The graph above has a re-scaled vertical as well as a re-scaled horizontal axis. Indeed, instead of I, the vertical axis shows I/n2I0, so the maximum value is 1. And the horizontal axis does not show Φ but nΦ/2π, so if Φ = π/n, then nΦ/2π = 0.5 indeed. [Don’t worry about the dotted curve: that’s the solid-line curve multiplied by 10: it’s there to make sure you see what’s going on, as this ratio of those sines becomes very small very rapidly indeed.]

So, once we’re past that 40.53% point, we get at our first minimum, which is reached at nΦ/2π = 1 or Φ = 2π/n. The numerator sin2(nΦ/2) equals sin2(π) = 0 there indeed, so the whole ratio becomes zero. Then it goes up again, to our second maximum, which we get when our numerator comes close to one again, i.e. when sin2(nΦ/2) ≈ 1. That happens when nΦ/2 = 3π/2, or Φ = 3π/n. Again, when n is (very) large, Φ will be very small, and so we can substitute the denominator sin2(Φ/2) for Φ2/4. We then get a ratio equal to 1/(9π2/4), or an intensity equal to 4n2I0/9π2, i.e. only 4.5% of the intensity at the (first) maximum. So that’s tiny. [Well… All is relative, of course. :-)] We can go on and on like that but that’s not the point here: the point is that we have a very sharp central maximum with very weak subsidiary maxima on the sides.

But what about that big lobe at 30 degrees on that graph with the six-dipole antenna? Relax. We’re not done yet with this ‘quick’ analysis. Let’s look at the general case from yet another angle, so to say. 🙂

The general case

To focus our minds, we’ve depicted that array with n oscillators below. Once again, we note that the phase difference between two sources, one to the next, will depend on (1) the intrinsic phase difference between them, which we denote by α, and (2) the time delay because we’re observing the system in a given direction q from the normal, which effect we calculated as equal to (2π/λ)·d·sinθ. So the whole effect is Φ = α + (2π/λ)·d·sinθ = a + k·d·sinθ, with k the wave number.

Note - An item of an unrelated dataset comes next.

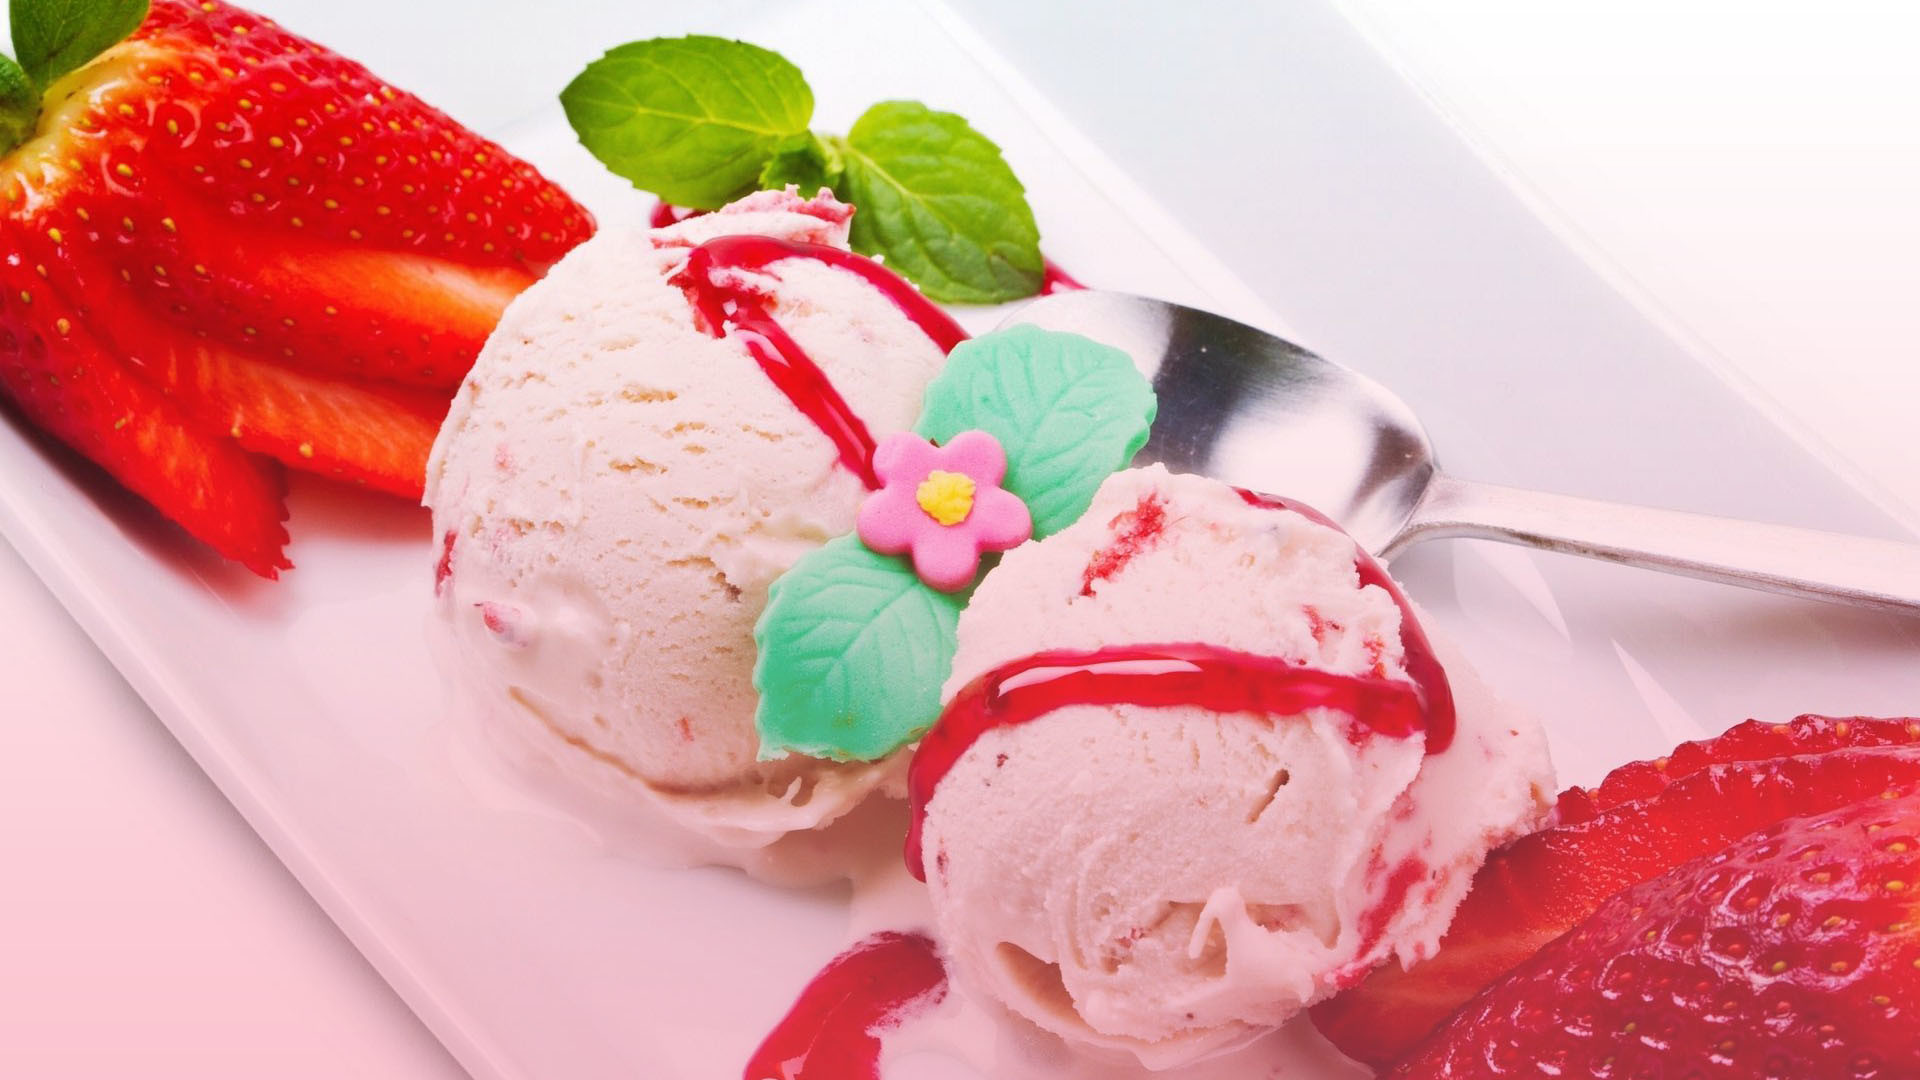 Good night strawberry flavor ice cream image wallpaper free.

To make things simple, let’s first assume that α = 0. We’re then in the case that we described above: we’ll have a sharp maximum at Φ = 0, so that means θ = 0. It’s easy to see why: all oscillators are in phase and so we have maximum positive (or constructive) interference.

Let’s now examine the first minimum. When looking back at that geometrical interpretation, with the polygon, all the arrows come back to the starting point: we’ve completed a full circle. Indeed, n times Φ gives nΦ = n·2π/n = 2π. So what’s going on here? Well… If we put that value in our formula Φ = α + (2π/λ)·d·sinθ, we get 2π/n = 0 + (2π/λ)·d·sinθ or, getting rid of the 2π factor, n·d·sinθ = λ.

Now, n·d is the total length of the array, i.e. L, and, from the illustration above, we see that n·d·sinλ = L·sinθ = Δ. So we have that n·d·sinθ = λ = Δ. Hence, Δ is equal to one wavelength.That means that the total phase difference between the first and the last oscillator is equal to 2π, and the contributions of all the oscillators in-between are uniformly distributed in phase between 0° and 360°. The net result is a vector AR with amplitude AR = 0 and, hence, the intensity is zero as well.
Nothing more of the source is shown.